Он глядел на библиотекаря с искренним восторгом, но убеждался все больше в серьезности происходящего, ибо видел на лице Херна ту хитроватую тонкость, которая свидетельствует о простоте души.

– Да бросьте вы! – взорвался Арчер, словно стряхивая чары. – Это же просто пьеса! Я свою роль выучил, а она куда больше вашей.

– Вы давно ее учите, – не сдался Херн. – И ее, и всю пьесу. Вы много думали о трубадурах, жили в той эпохе. Сами видите, я в ней не жил. Непременно что-нибудь да упустишь… пропустишь, ошибешься, сделаешь неверно. Я не люблю спорить с теми, кто изучил предмет, а вы его изучили.
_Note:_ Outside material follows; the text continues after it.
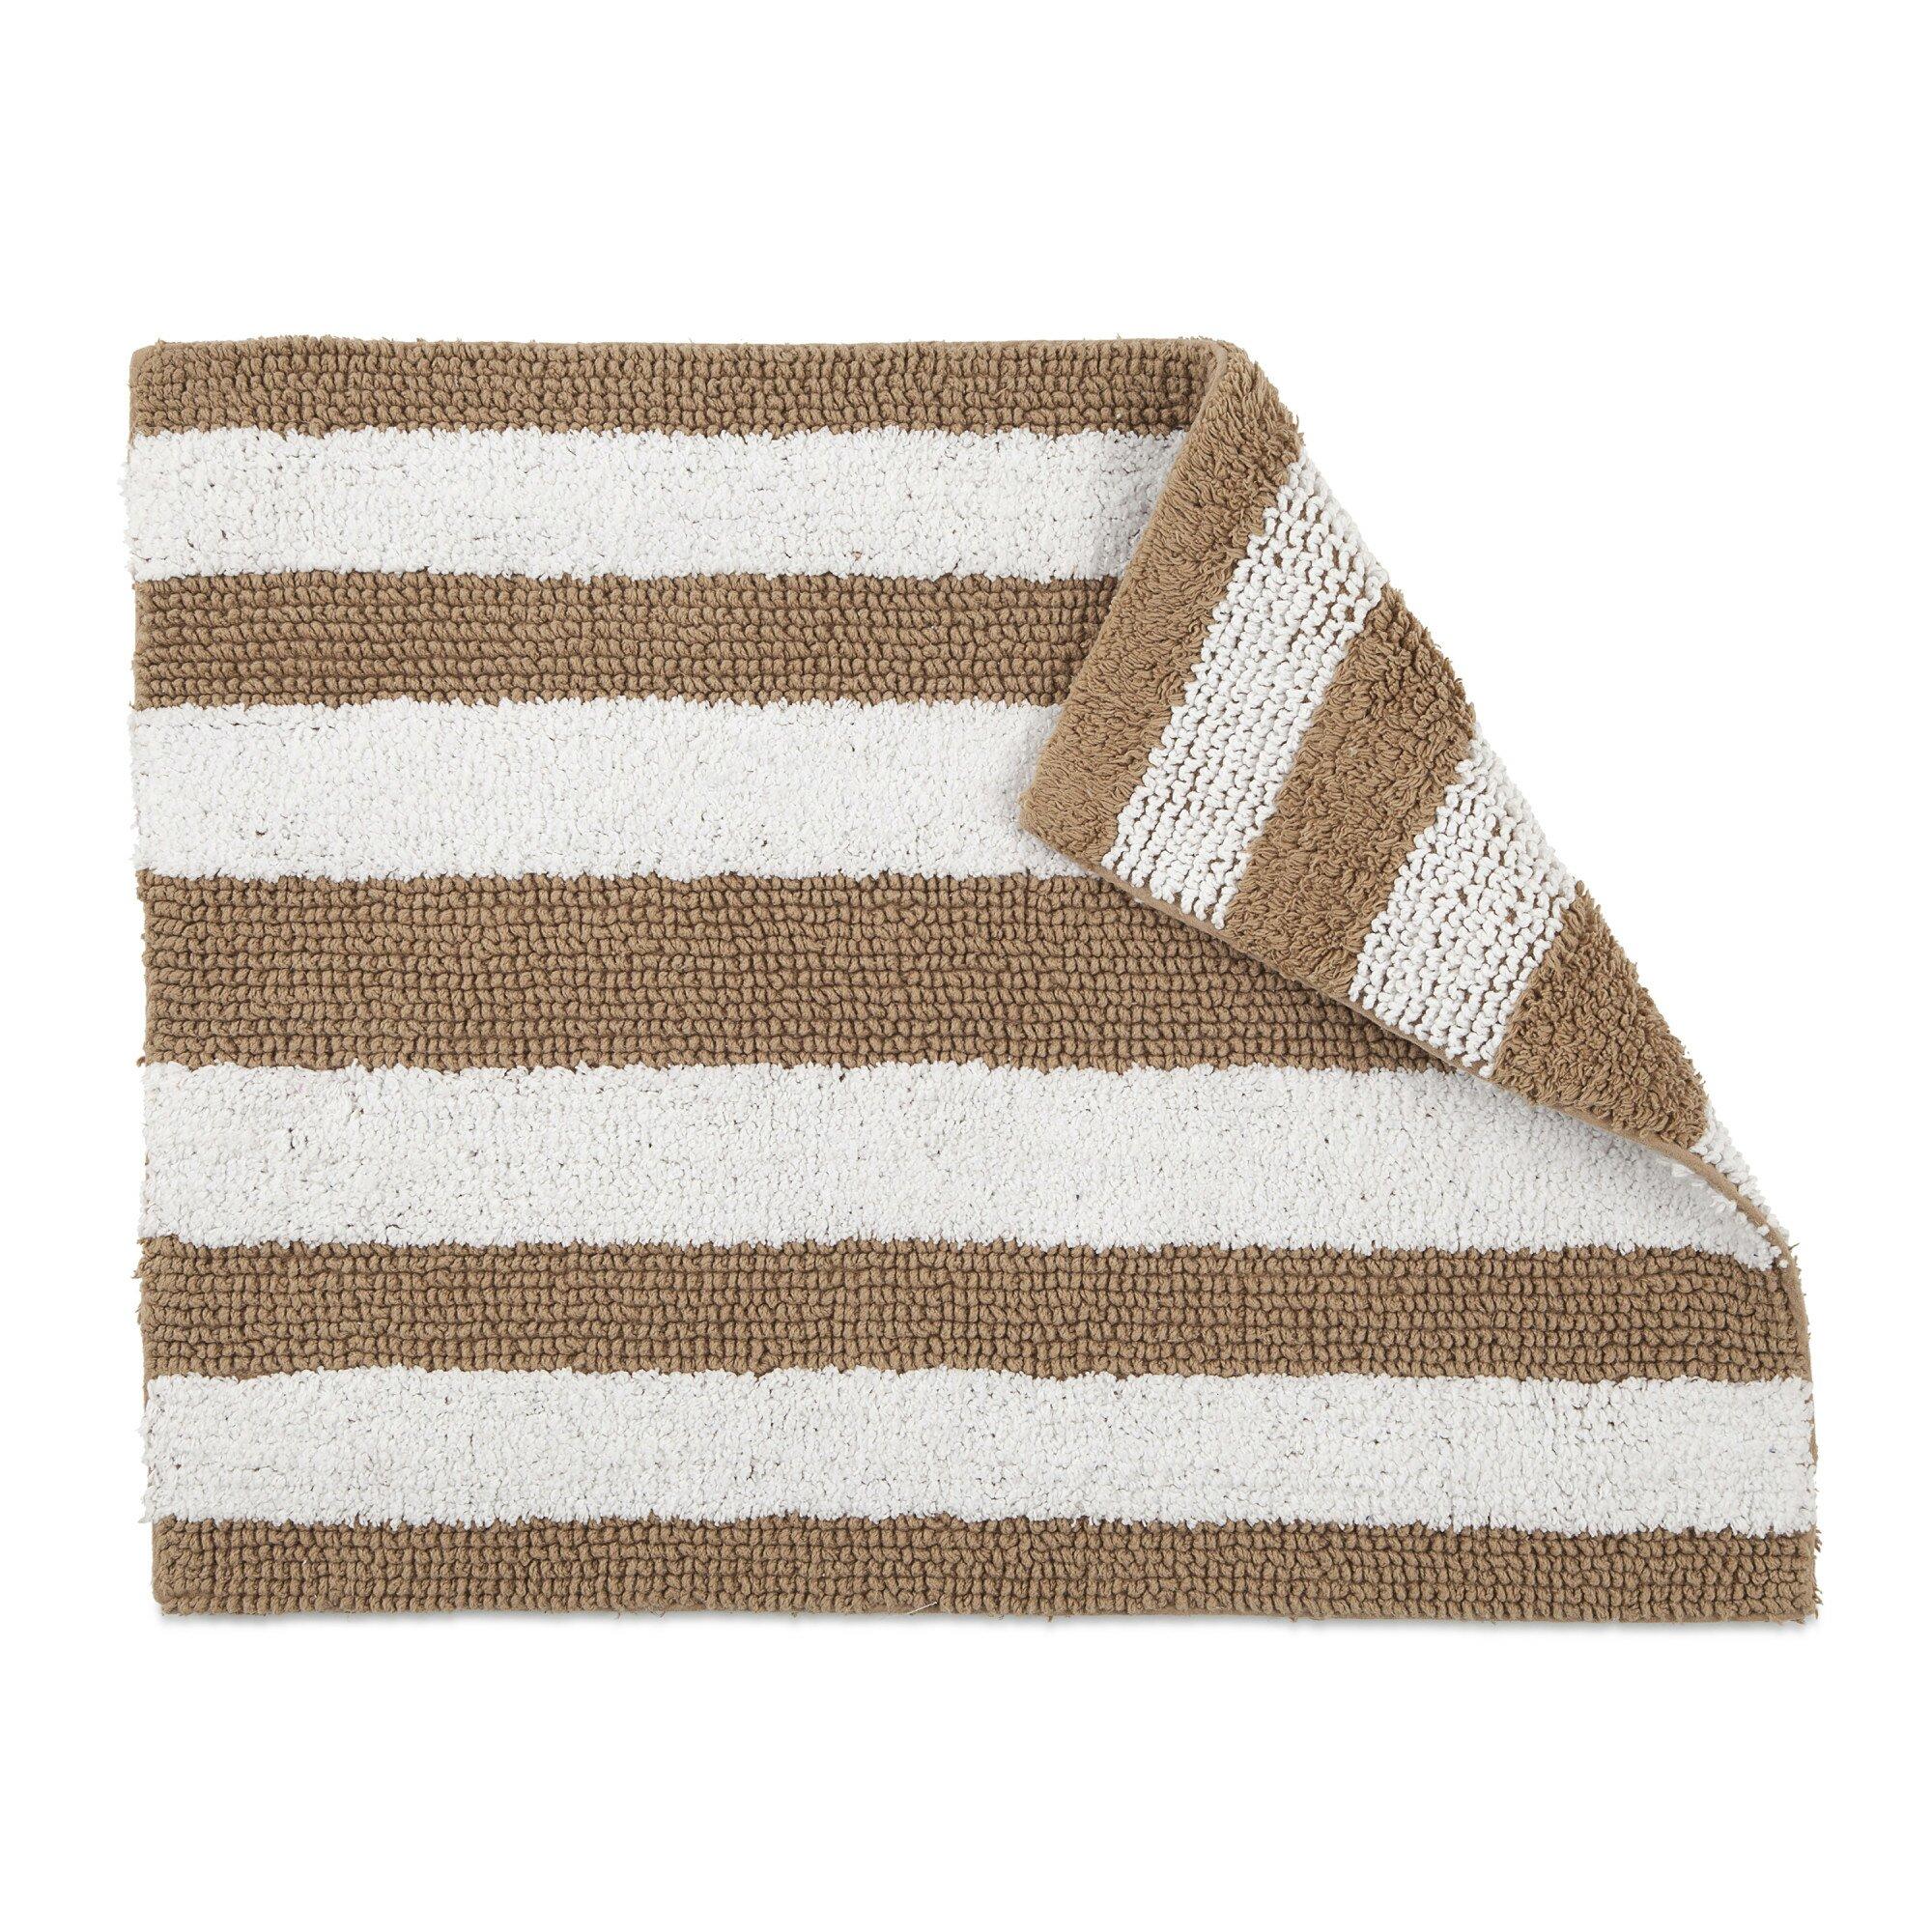 Reversible Bathroom Mats: IZOD Reversible Stripe Bath Rug & Reviews

Он глядел на красивое, но озадаченное лицо дамы, а за ней, в тени, Арчер всем своим видом выражал насмешку и отчаяние. Вдруг библиотекарь утратил отрешенную неподвижность, словно проснулся.

– Конечно, я вам что-нибудь подыщу, – сказал он, поворачиваясь к полкам. – Там, наверху, есть прекрасные французские работы.

Библиотека была очень высокой, потолок ее – сводчатым, как в храме. Вполне возможно, здесь и был когда-то храм или хотя бы часовня, ибо помещалась она в крыле прежнего, настоящего аббатства. Верхняя полка казалась скорее краем пропасти, и влезть на нее можно было лишь по длинной лестнице, стоявшей тут же. Библиотекарь во внезапном порыве очутился наверху раньше, чем кто-нибудь успел его удержать, и принялся копаться в пыльных книгах, уменьшенных расстоянием. Он вынул большой том из ряда томов и, догадавшись, что на весу читать неудобно, занял его место, словно новый ценный фолиант. Под сводами было темно, но там висела лампочка, и он ее спокойно включил. Наступила тишина. Он сидел на далеком насесте, свесив длинные ноги, и лицо его было скрыто кожаной стеной фолианта.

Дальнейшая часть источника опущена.